Minuman Manis vs. Rokok: Mana yang Lebih Berbahaya?
Dalam beberapa waktu terakhir, risiko kesehatan dari konsumsi minuman manis semakin mendapatkan perhatian, terutama karena hubungannya dengan penyakit serius seperti diabetes dan gagal ginjal. Isu ini sering dibandingkan dengan bahaya rokok, yang juga dikenal luas sebagai ancaman kesehatan. Namun, bagaimana sebenarnya perbandingan dampak kedua kebiasaan ini terhadap kesehatan?
Dampak Kesehatan dari Minuman Manis dan Rokok
Baik minuman manis maupun merokok dapat menimbulkan risiko kesehatan yang signifikan.
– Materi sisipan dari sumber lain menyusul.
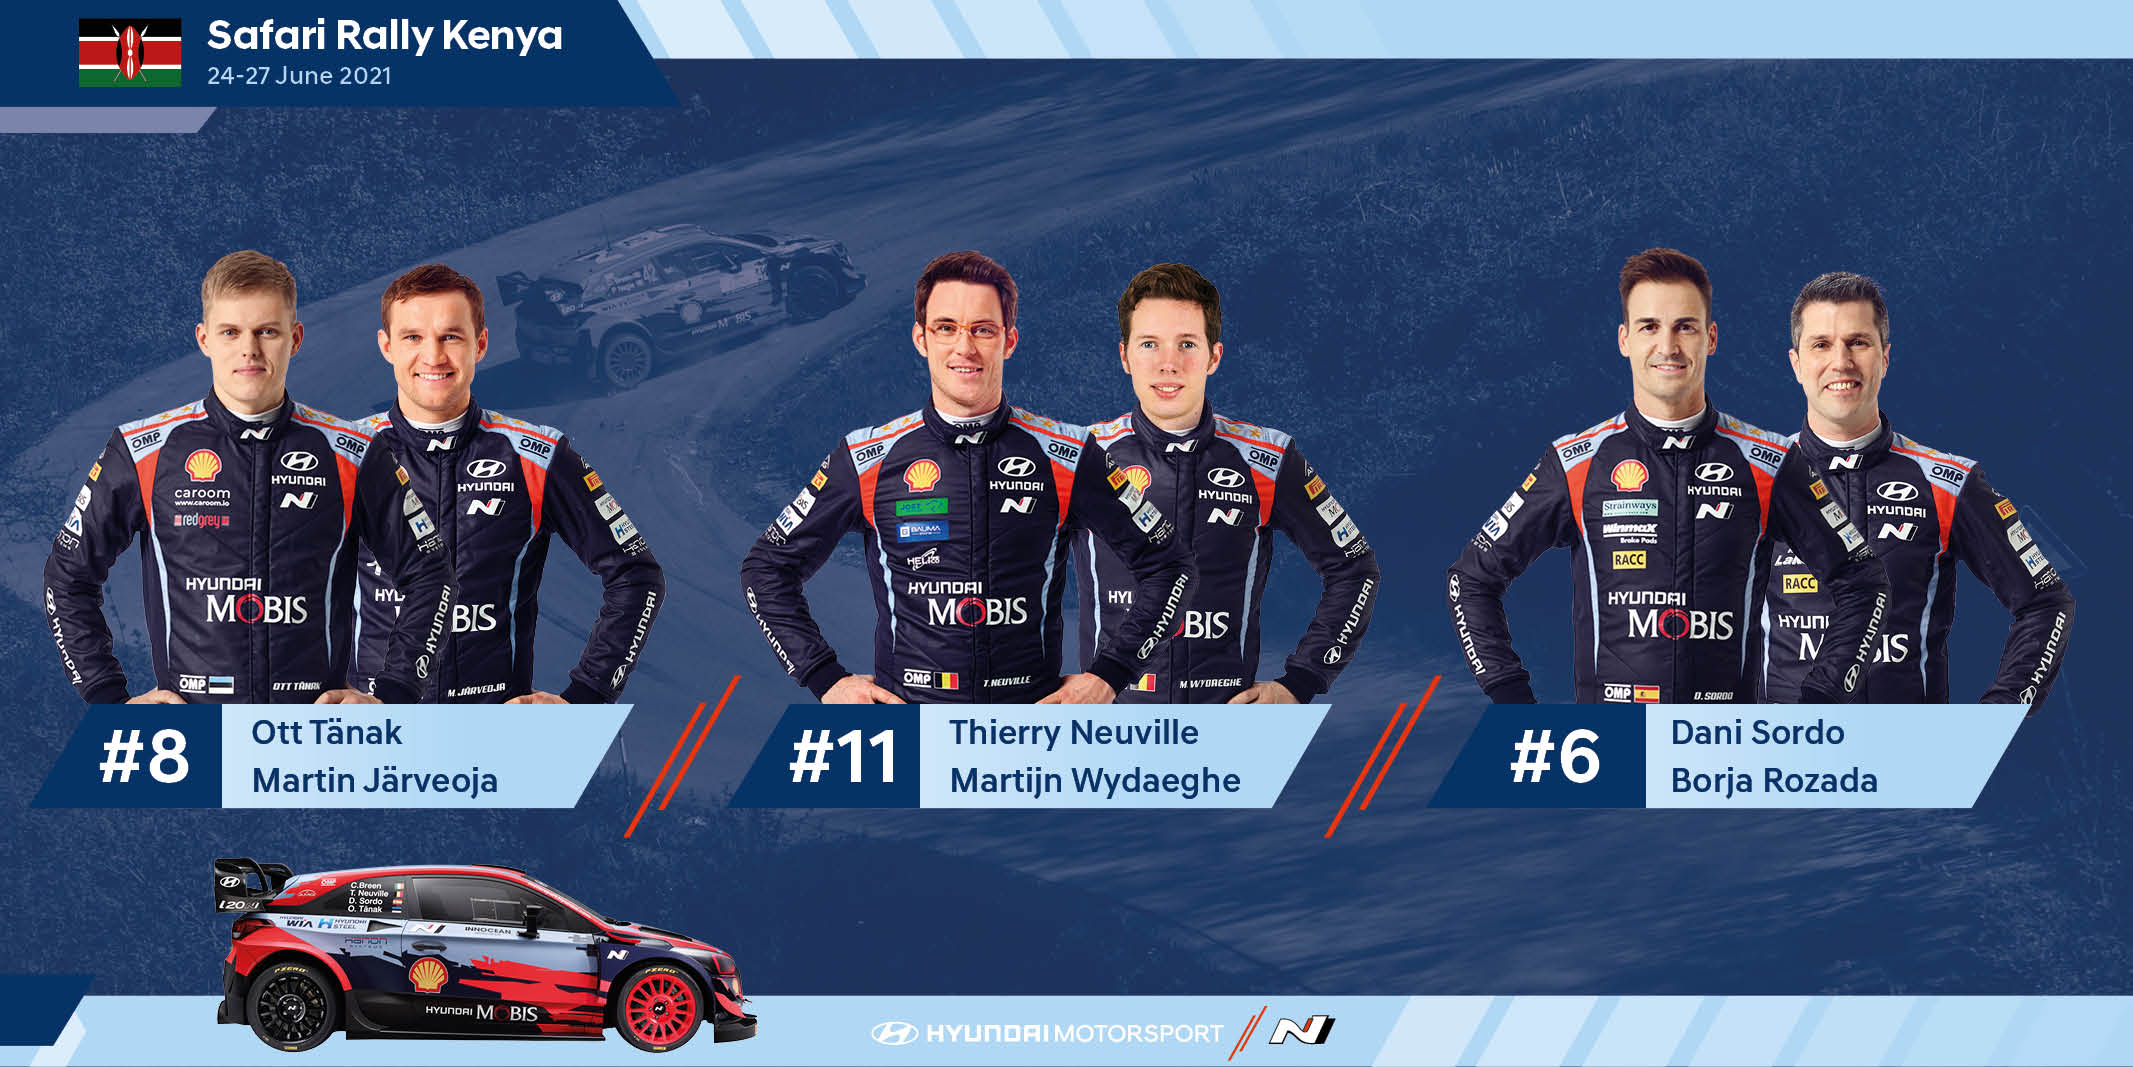 World Rally Championship: Temporada 2021  - Página 26 E1Q6tX4WEAYYGfQ?format=jpg&name=4096x4096
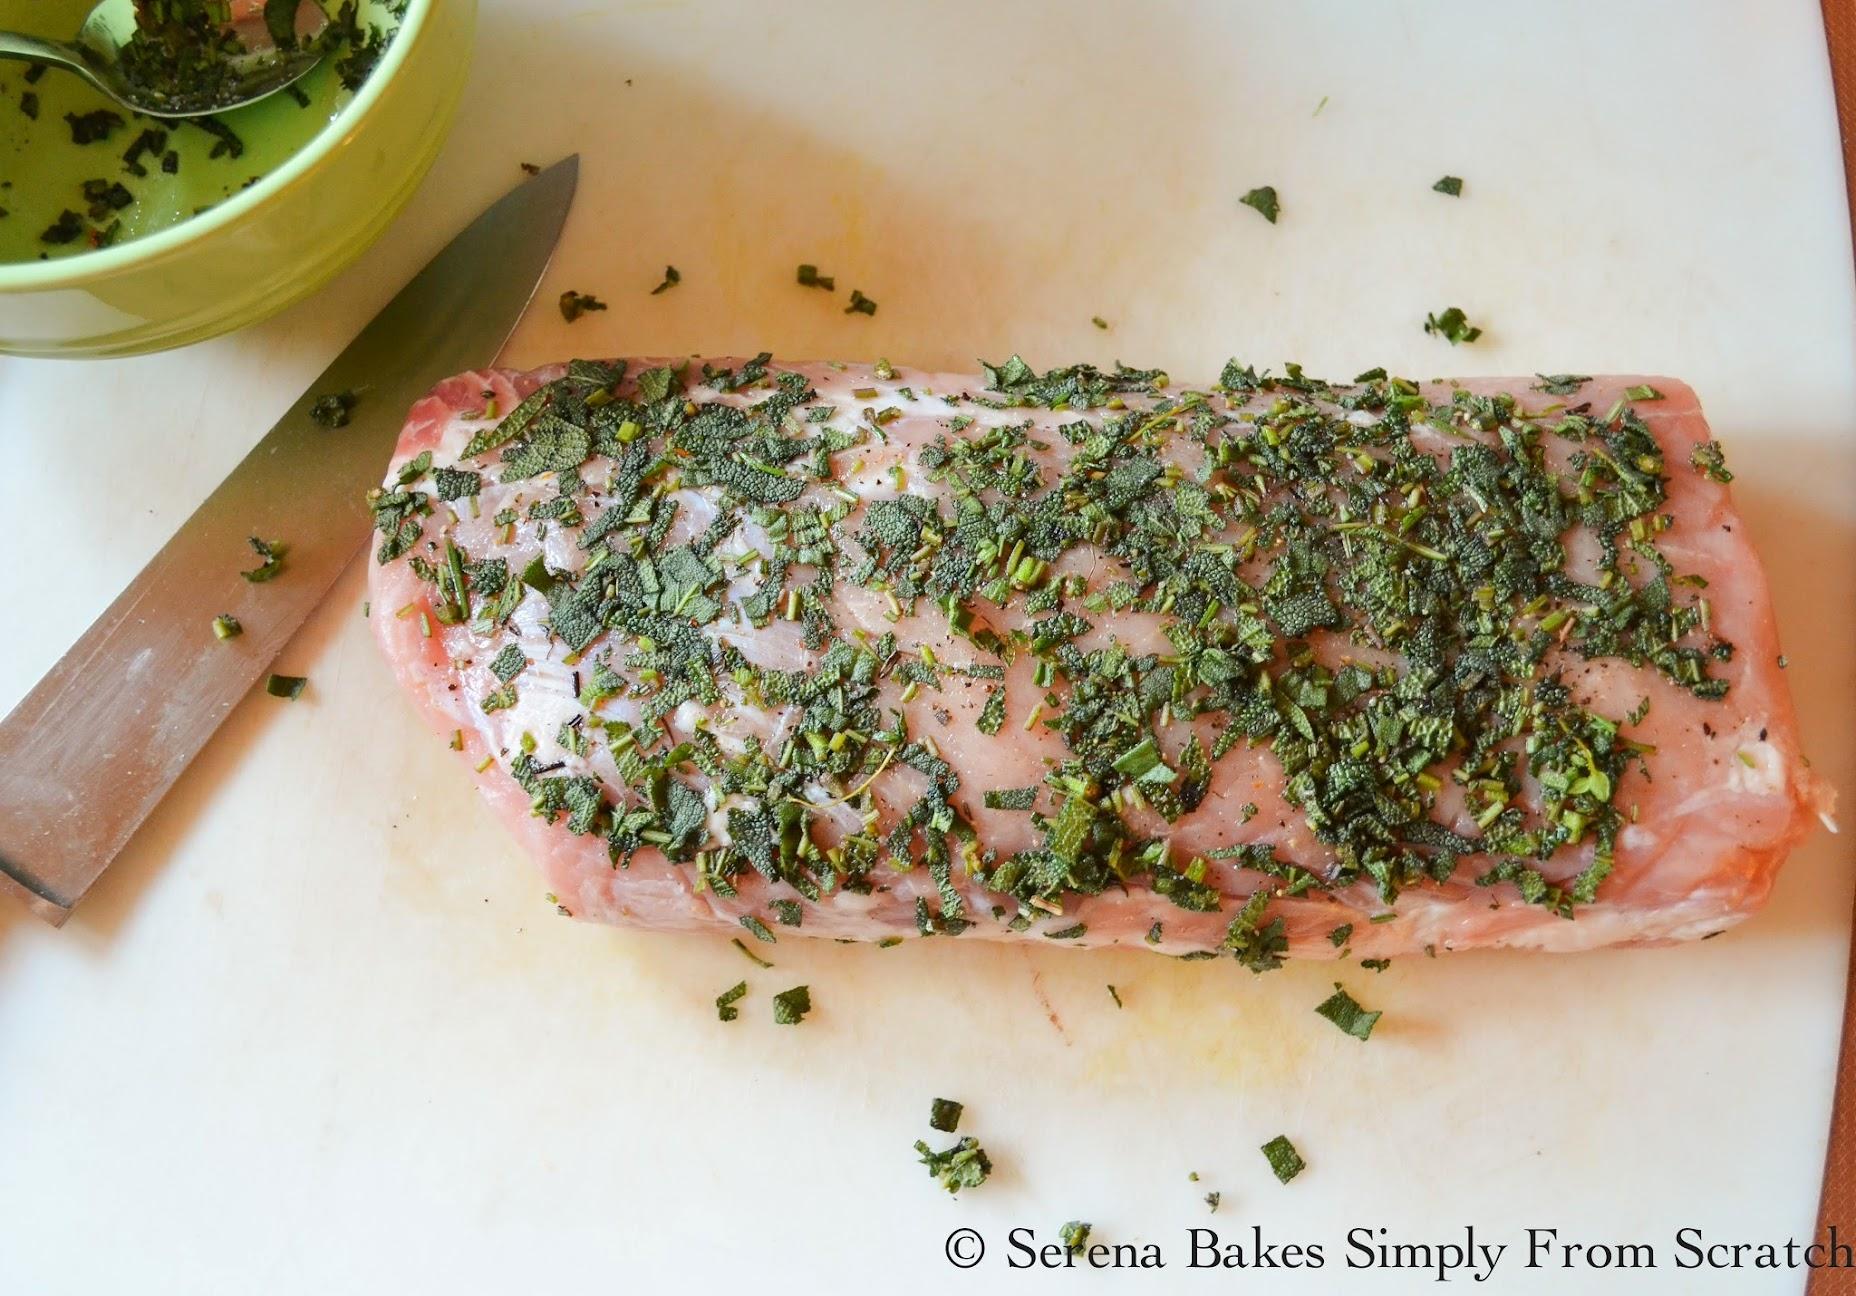 Rosemary-Sage-Pork-Loin-Roast-Herb-Rub.jpg

Namun, data menunjukkan bahwa konsumsi berlebihan minuman manis, yang tinggi gula, dapat berdampak lebih buruk karena meningkatkan risiko diabetes melitus, penyakit kronis yang menjadi penyebab kematian tinggi di Indonesia.
Menurut International Diabetes Federation (IDF), jumlah penderita diabetes di Indonesia meningkat pesat dalam dekade terakhir. Diperkirakan, jumlah penderita diabetes akan mencapai 28,57 juta pada tahun 2045, meningkat 47% dari 19,47 juta pada 2021, sebagaimana dilaporkan oleh Universitas Gadjah Mada (UGM). Secara global, studi terbaru memperkirakan gula berkontribusi pada 35 juta kematian setiap tahun.
Sebaliknya, menurut data dari Badan Kesehatan Dunia (WHO) pada 2020, sekitar 225.700 orang di Indonesia meninggal dunia akibat merokok atau penyakit terkait tembakau. Rokok diketahui berkaitan dengan berbagai penyakit serius seperti penyakit paru-paru, penyakit paru obstruktif kronik, dan penyakit jantung.
Bahaya Minuman Manis
Profesor Nutrisi dari University of North Carolina, Shu Wen Ng, dan Profesor Nutrisi di UNC Gillings School of Global Public Health, Barry M. Popkin, menjelaskan bahwa banyak minuman manis tidak memberikan manfaat nutrisi. Sebagian besar minuman ini, termasuk soda, minuman buah, dan minuman energi, mengandung gula yang diserap lebih cepat daripada kapasitas hati untuk memprosesnya. Akibatnya, gula yang berlebihan disimpan di hati sebagai lemak atau glikogen, meningkatkan risiko penyakit hati berlemak, diabetes, dan penyakit kronis lainnya.
Menurut mereka, asupan kalori dari minuman manis sering kali tidak diimbangi dengan pengurangan kalori dari makanan lain, sehingga total asupan kalori meningkat. Gula yang tinggi dapat menyebabkan obesitas, penyakit jantung, dan meningkatkan tekanan darah, hormon tidak seimbang, serta merusak hati. Efek buruk ini sering kali kurang disadari, terutama di negara berkembang di mana bahkan bayi diberikan minuman manis sebagai makanan tambahan.
Spesialis jantung terkenal asal Inggris, Dr. Aseem Malhotra, menyebut minuman manis sebagai “bom waktu kesehatan mini” yang seharusnya diberi label peringatan.
Pentingnya Kontrol Konsumsi Gula
Oleh karena itu, penting untuk membatasi konsumsi gula agar tidak berlebihan. Menurut Permenkes Nomor 30 Tahun 2013, konsumsi gula yang dianjurkan adalah 10% dari total energi harian, sekitar 50 gram atau 4 sendok makan per orang per hari.
Namun, banyak minuman kemasan mengandung gula mulai dari 10 hingga lebih dari 29 gram per porsi. Dokter spesialis gizi konsultan, Johanes Chandrawinata, menjelaskan bahwa 29 gram gula dalam minuman kemasan setara dengan 116 kalori, hampir sama dengan 100 gram nasi. Artinya, minum satu botol minuman manis dengan kandungan gula tinggi sama dengan mengonsumsi satu centong nasi dalam hal kalori, tetapi tidak memberikan rasa kenyang yang sama.
Baca juga : Survei: Indonesia Menjadi Negara Paling Rajin Bangun Pagi
Untuk mengatasi masalah ini, diperlukan kesadaran individu serta kebijakan pemerintah. Singapura, misalnya, menjadi negara pertama yang melarang iklan minuman manis. Pada 2023, Kementerian Kesehatan Singapura mengumumkan pelarangan iklan minuman tinggi gula mulai akhir tahun ini.
Dengan pemahaman yang lebih baik tentang dampak minuman manis dan rokok, diharapkan masyarakat dapat membuat pilihan yang lebih sehat dan mendukung kebijakan yang membantu mengurangi risiko kesehatan ini.